- WHAT YOU SHOULD DO -
Give back every record below word for word, with the pictures omitted.

- PROVIDED ENTRIES -
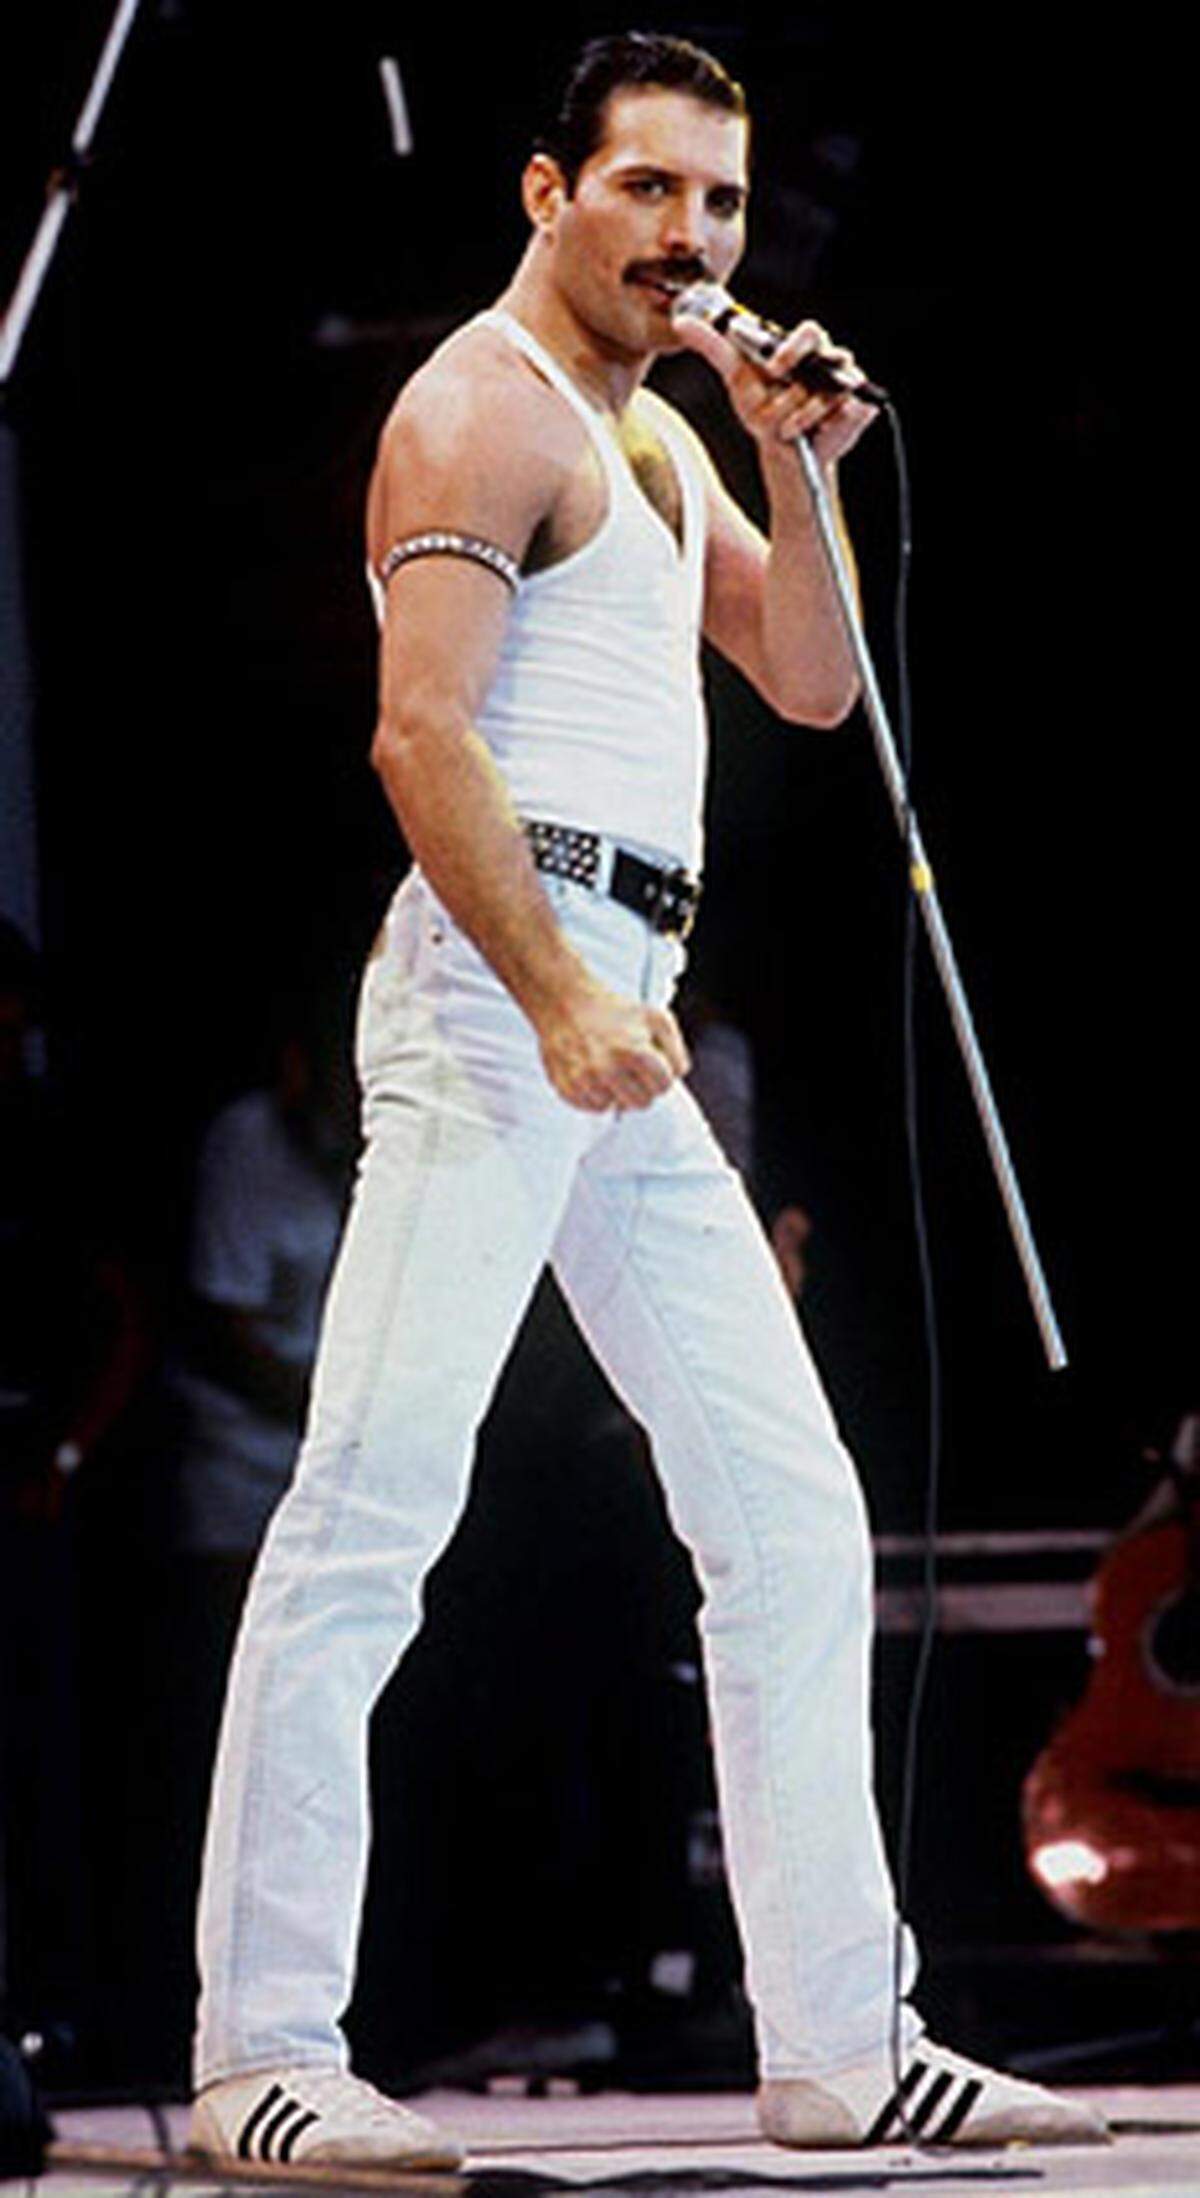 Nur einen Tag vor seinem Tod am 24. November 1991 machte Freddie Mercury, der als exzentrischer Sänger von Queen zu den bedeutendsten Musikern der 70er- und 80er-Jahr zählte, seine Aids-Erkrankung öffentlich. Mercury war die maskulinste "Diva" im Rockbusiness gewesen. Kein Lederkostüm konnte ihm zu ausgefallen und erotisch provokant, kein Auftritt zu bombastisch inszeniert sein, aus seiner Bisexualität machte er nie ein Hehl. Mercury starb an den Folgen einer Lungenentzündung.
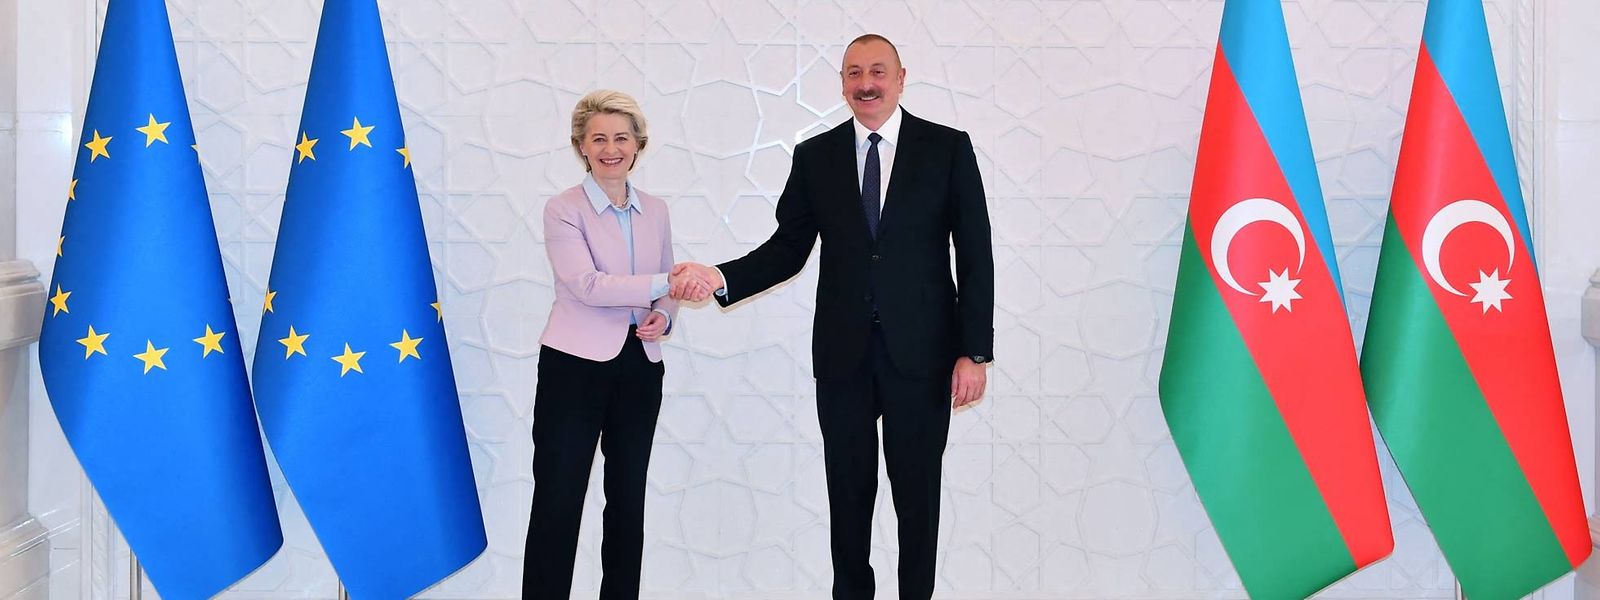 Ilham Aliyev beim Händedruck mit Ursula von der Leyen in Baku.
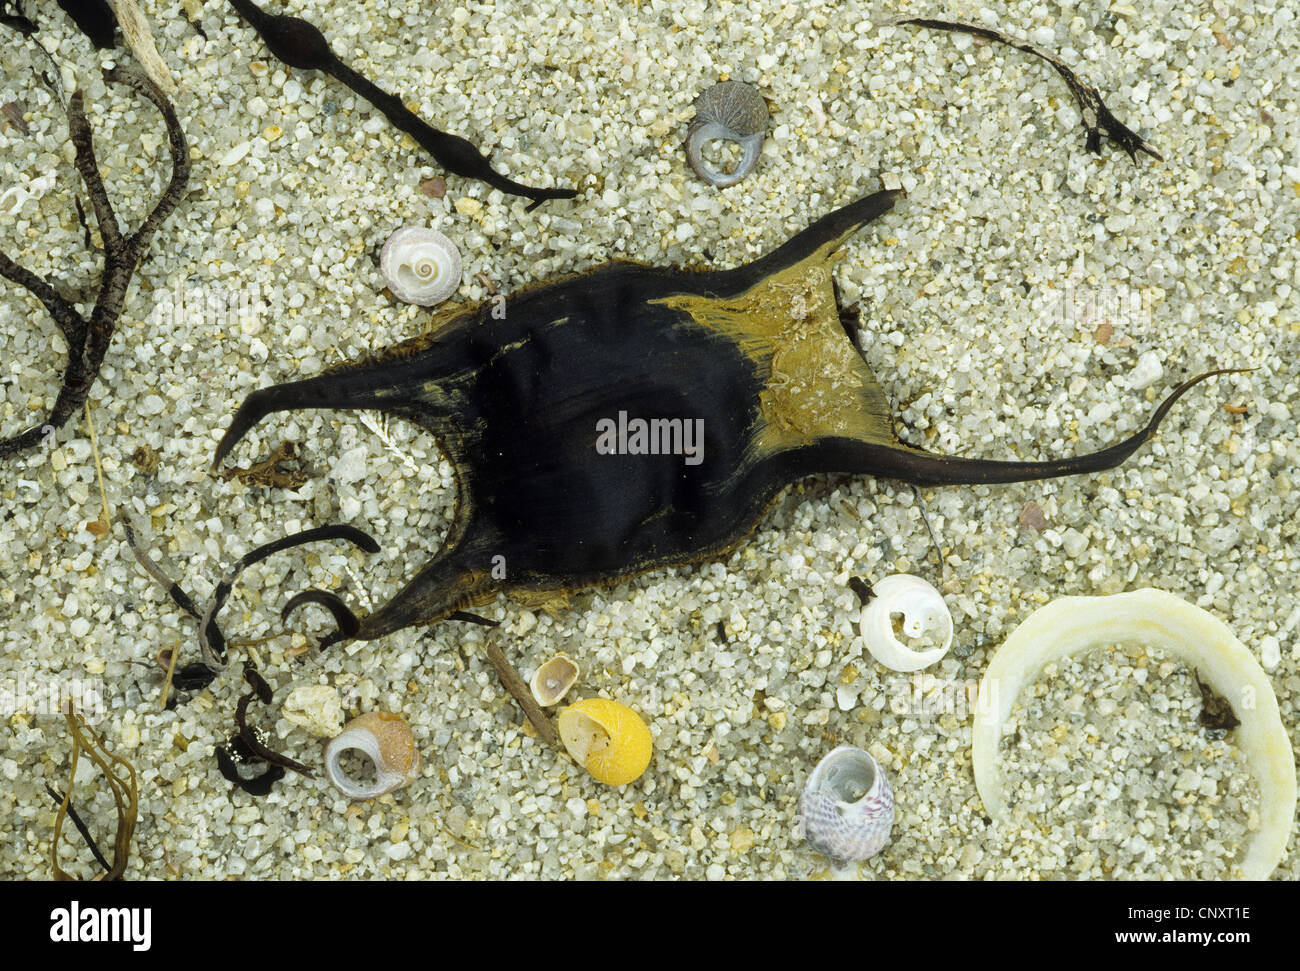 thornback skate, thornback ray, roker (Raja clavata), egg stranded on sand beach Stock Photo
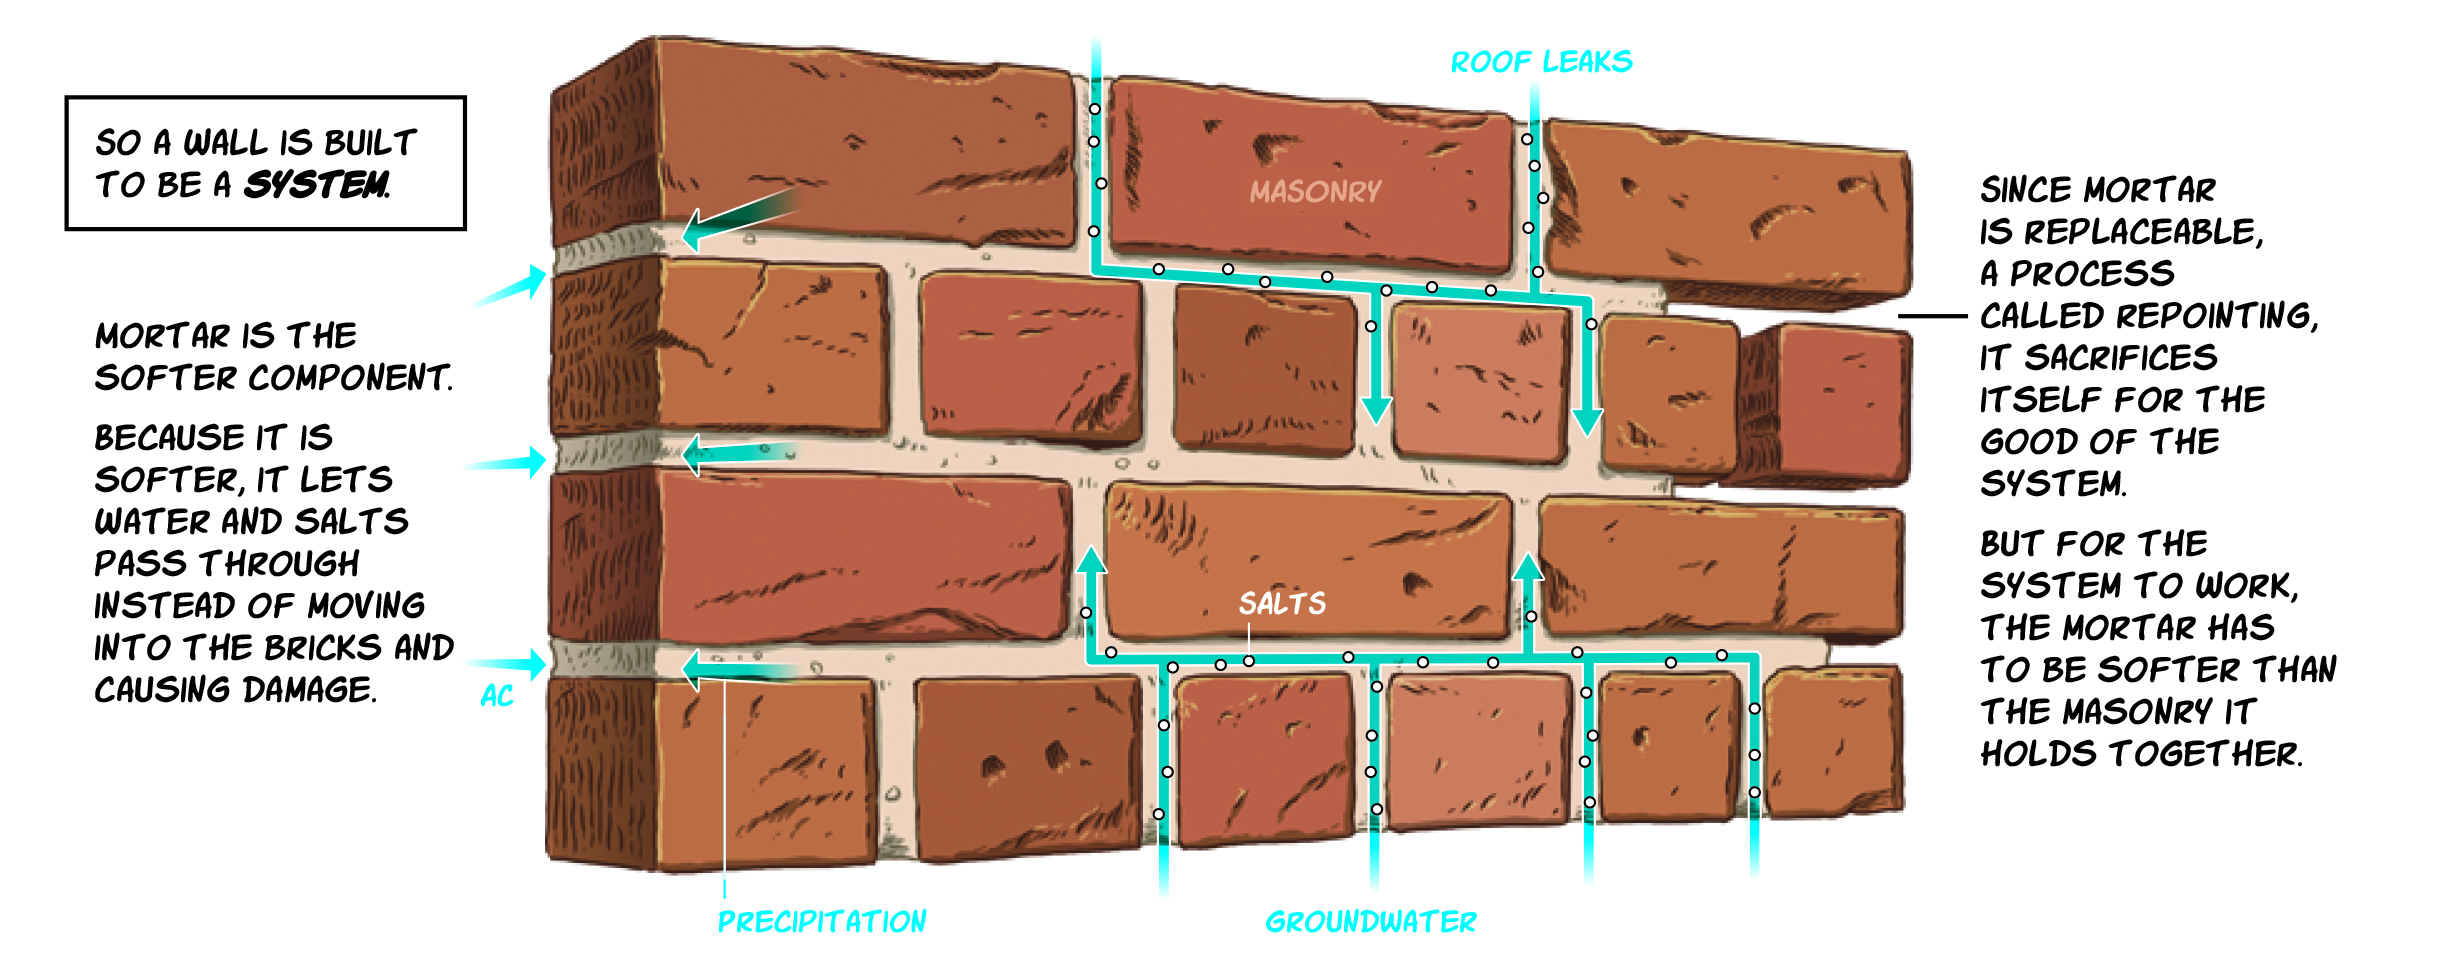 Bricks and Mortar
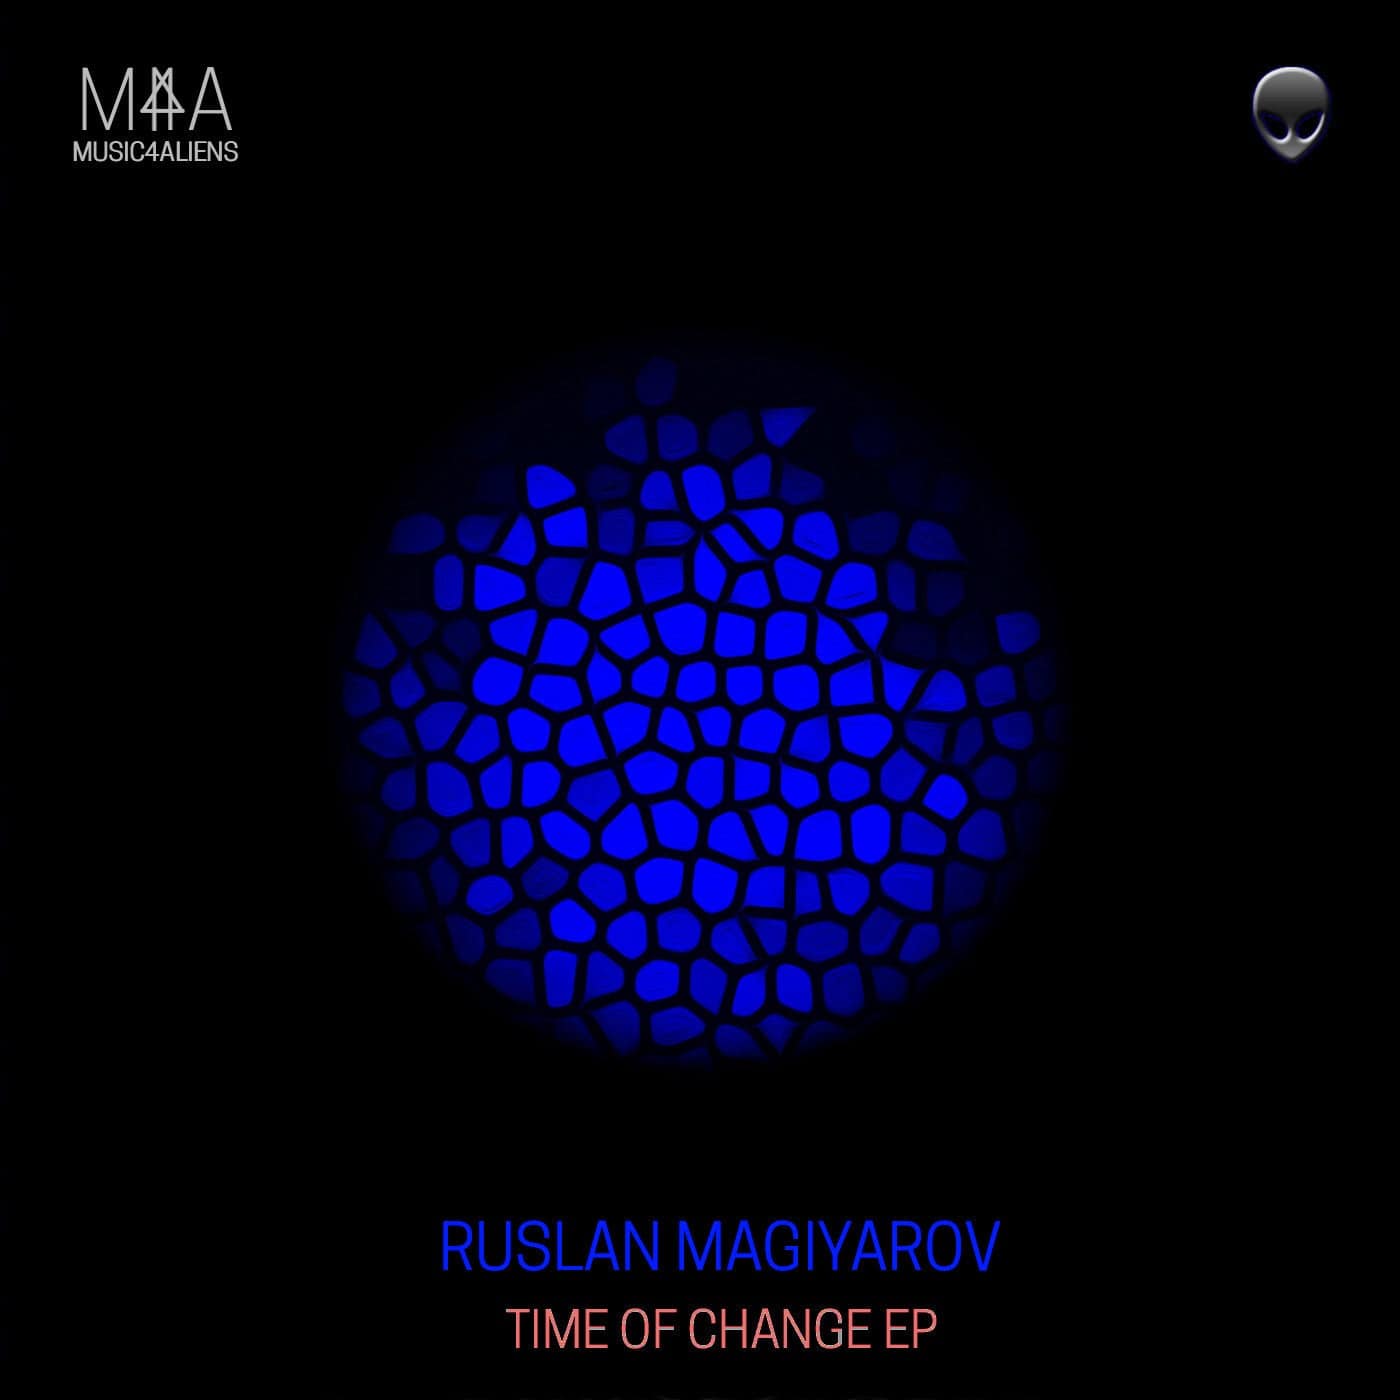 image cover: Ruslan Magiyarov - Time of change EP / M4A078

- SOLUTION -
 Nur einen Tag vor seinem Tod am 24. November 1991 machte Freddie Mercury, der als exzentrischer Sänger von Queen zu den bedeutendsten Musikern der 70er- und 80er-Jahr zählte, seine Aids-Erkrankung öffentlich. Mercury war die maskulinste "Diva" im Rockbusiness gewesen. Kein Lederkostüm konnte ihm zu ausgefallen und erotisch provokant, kein Auftritt zu bombastisch inszeniert sein, aus seiner Bisexualität machte er nie ein Hehl. Mercury starb an den Folgen einer Lungenentzündung.
 Ilham Aliyev beim Händedruck mit Ursula von der Leyen in Baku.
 thornback skate, thornback ray, roker (Raja clavata), egg stranded on sand beach Stock Photo
 Bricks and Mortar
 image cover: Ruslan Magiyarov - Time of change EP / M4A078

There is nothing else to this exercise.